Genetic mutations may account for schizophrenia
According to a recent online report in Sciencepress a wide range of genetic mutations may account for schizophrenia. According to Jon McClellan, M.D., of the University of Washington and colleagues, 15% of patients with schizophrenia in his study had novel duplications and deletions of genetic material. Conversely, only 5% of healthy controls matched by ancestry were found to have the variations. The changes in genetic material were found to more often than not effect neurodevelopment, according to the researchers. The following is an excerpt of an article from MedPageToday.com that reviews the study:
Most genetic research into schizophrenia assumes that the illness is caused by combinations of common alleles, each with a modest effect — the “common disease-common allele” model, Dr. McClellan and colleagues said.

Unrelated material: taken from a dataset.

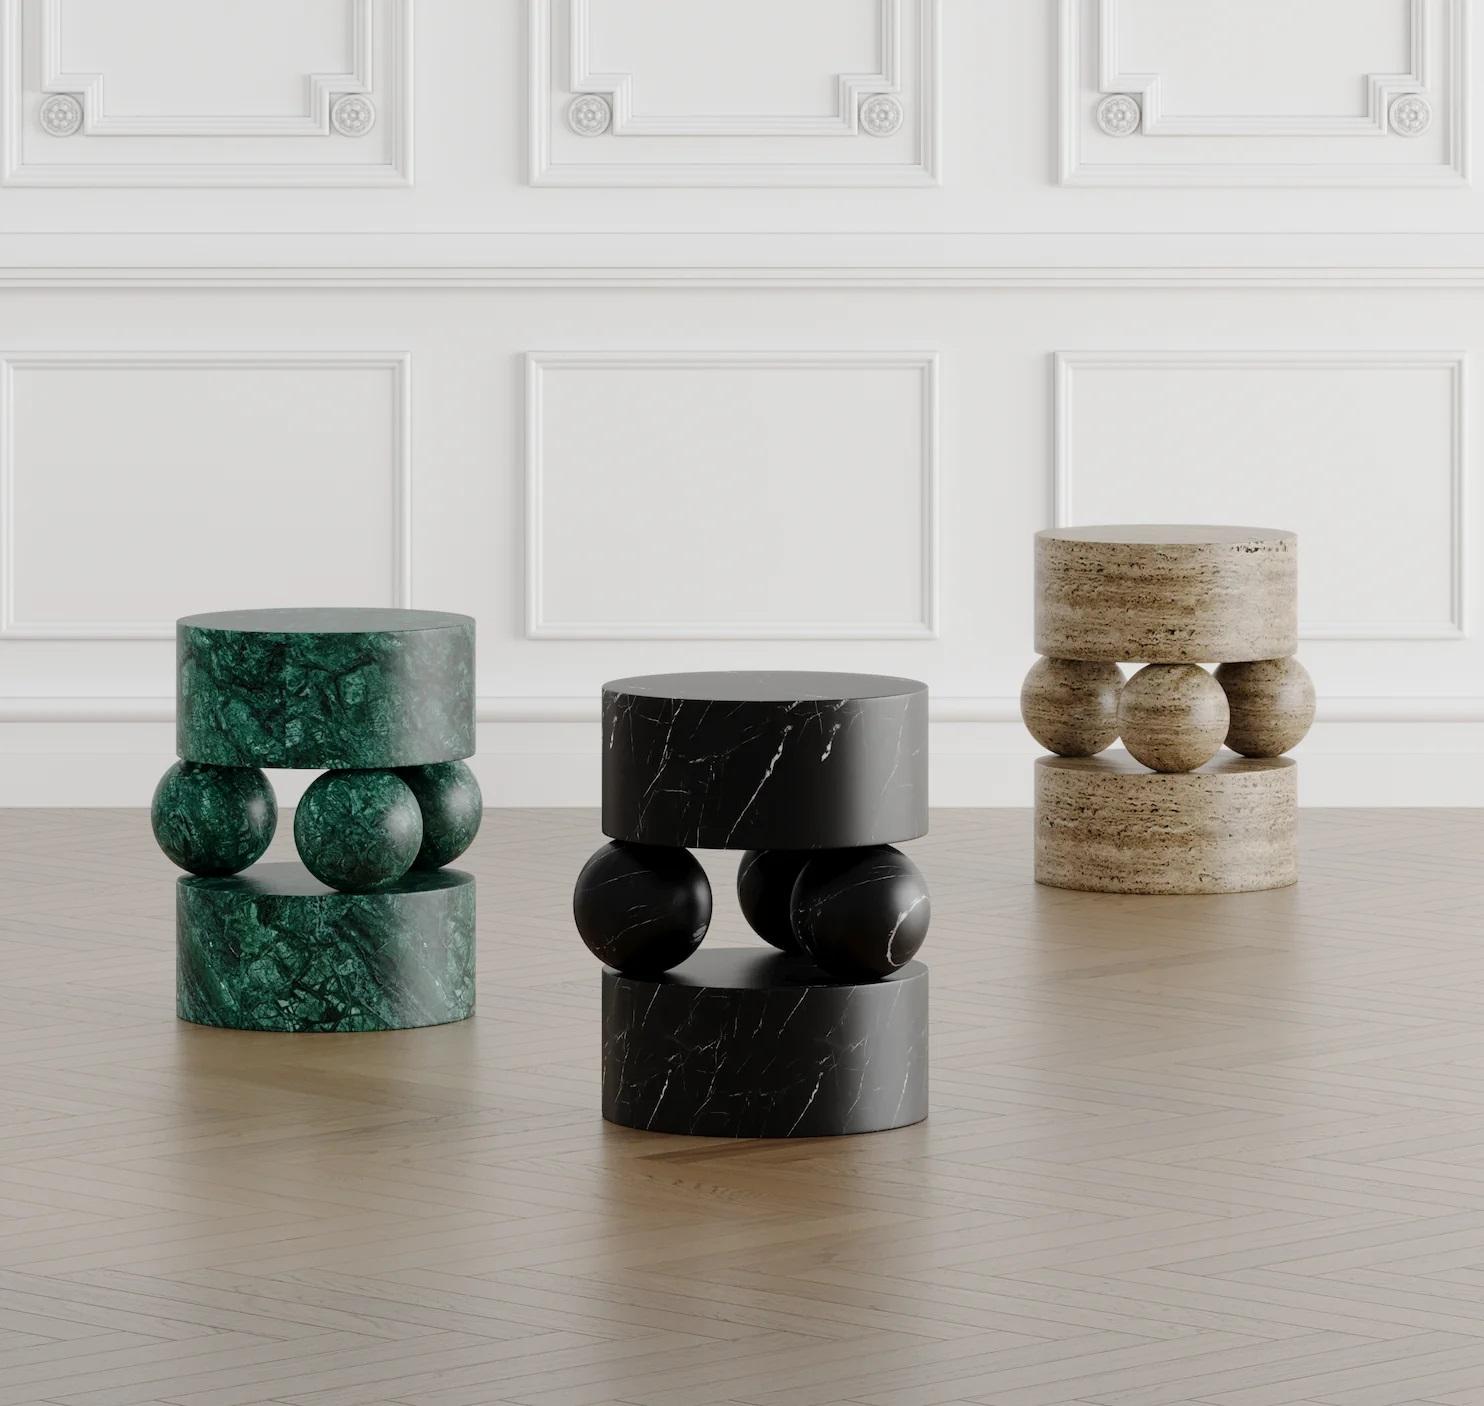 Wir stellen den Osaka Marmor-Beistelltisch vor - eine harmonische Verschmelzung von Kunstfertigkeit und Funktionalität, die über gewöhnliche Möbel hinausgeht. Sorgfältig von Hand aus reinem Stein gemeißelt, ist er mit seinen klaren Linien, seiner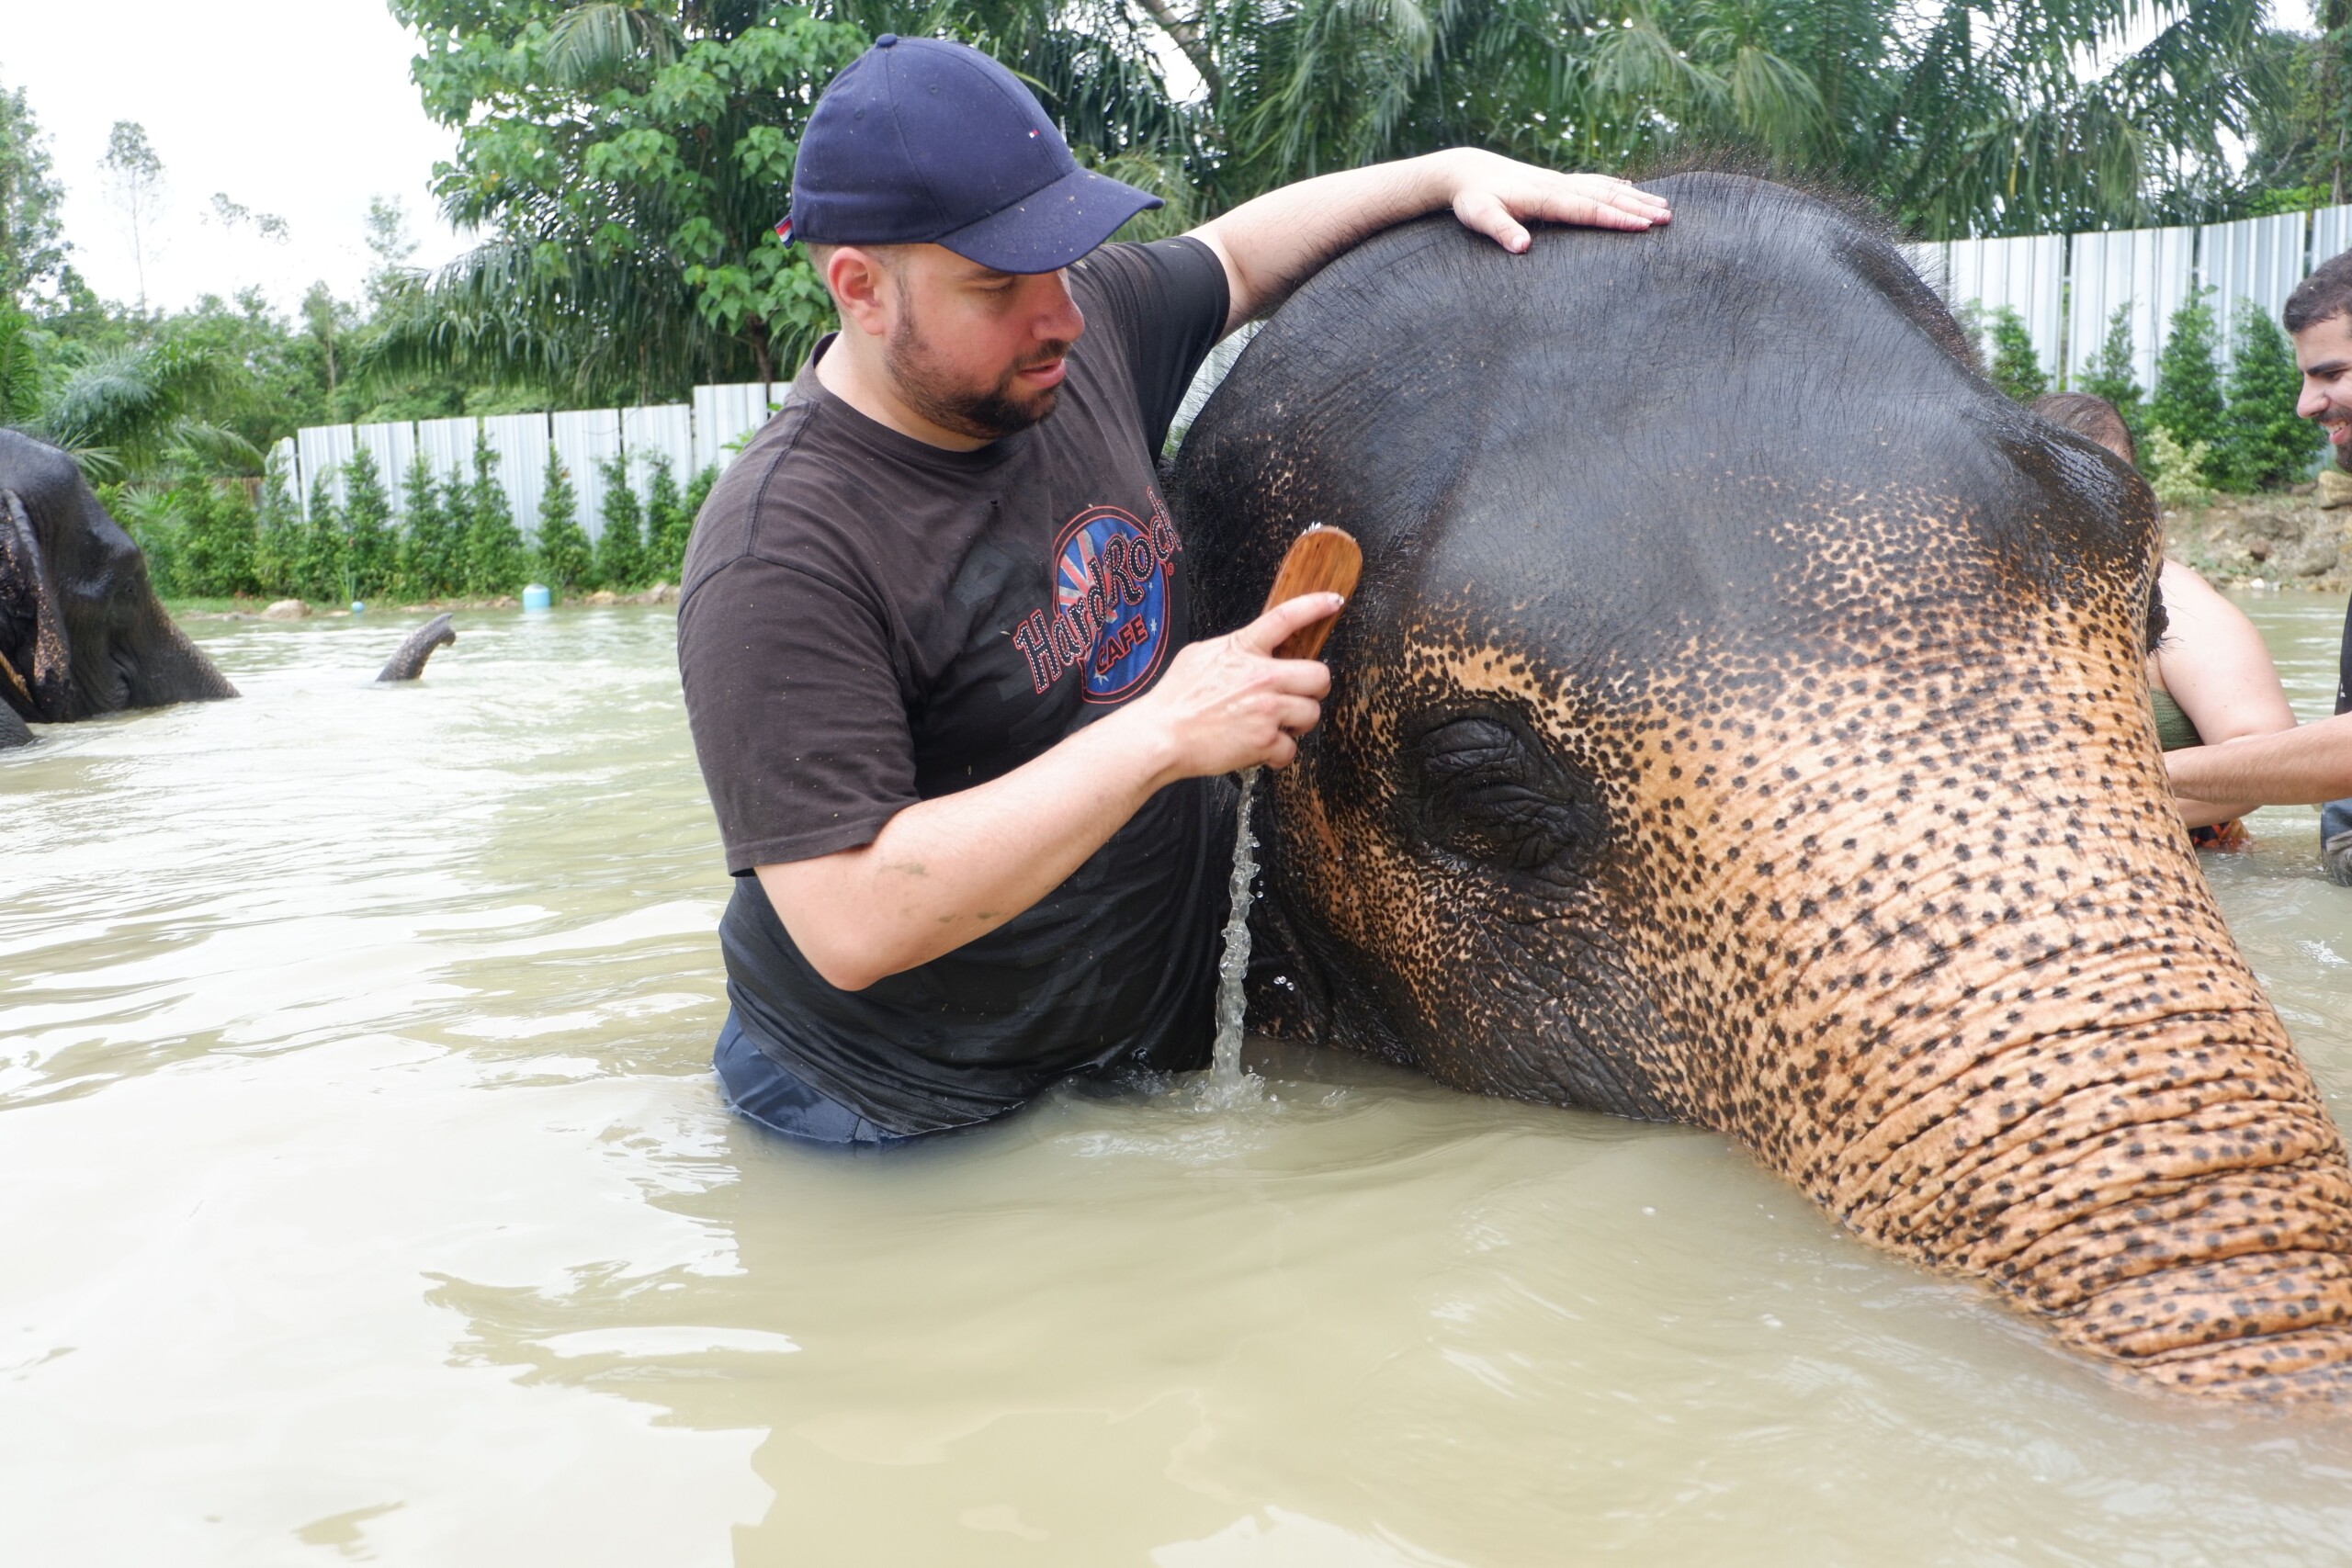 Turismo ecológico na Tailândia: babá de elefante por um dia!

The current study suggested another model, they said. “Some mutations predisposing to schizophrenia are highly penetrant, individually rare, and of recent origin, even specific to single cases or families.”
The model would explain why researchers have had trouble finding common genetic variants that are linked to the disease, they said.
In that model, the researchers said, the key factor is not a particular mutation, but the disruption of key genes by any mutation.
“Neurodevelopmental pathways involve hundreds of genes,” they said. “A severe mutation in any one of these genes may lead to a psychopathological phenotype.”
What’s more, they said, different mutations in the same gene might lead to schizophrenia, autism, mental retardation, or perhaps no clinical outcome at all.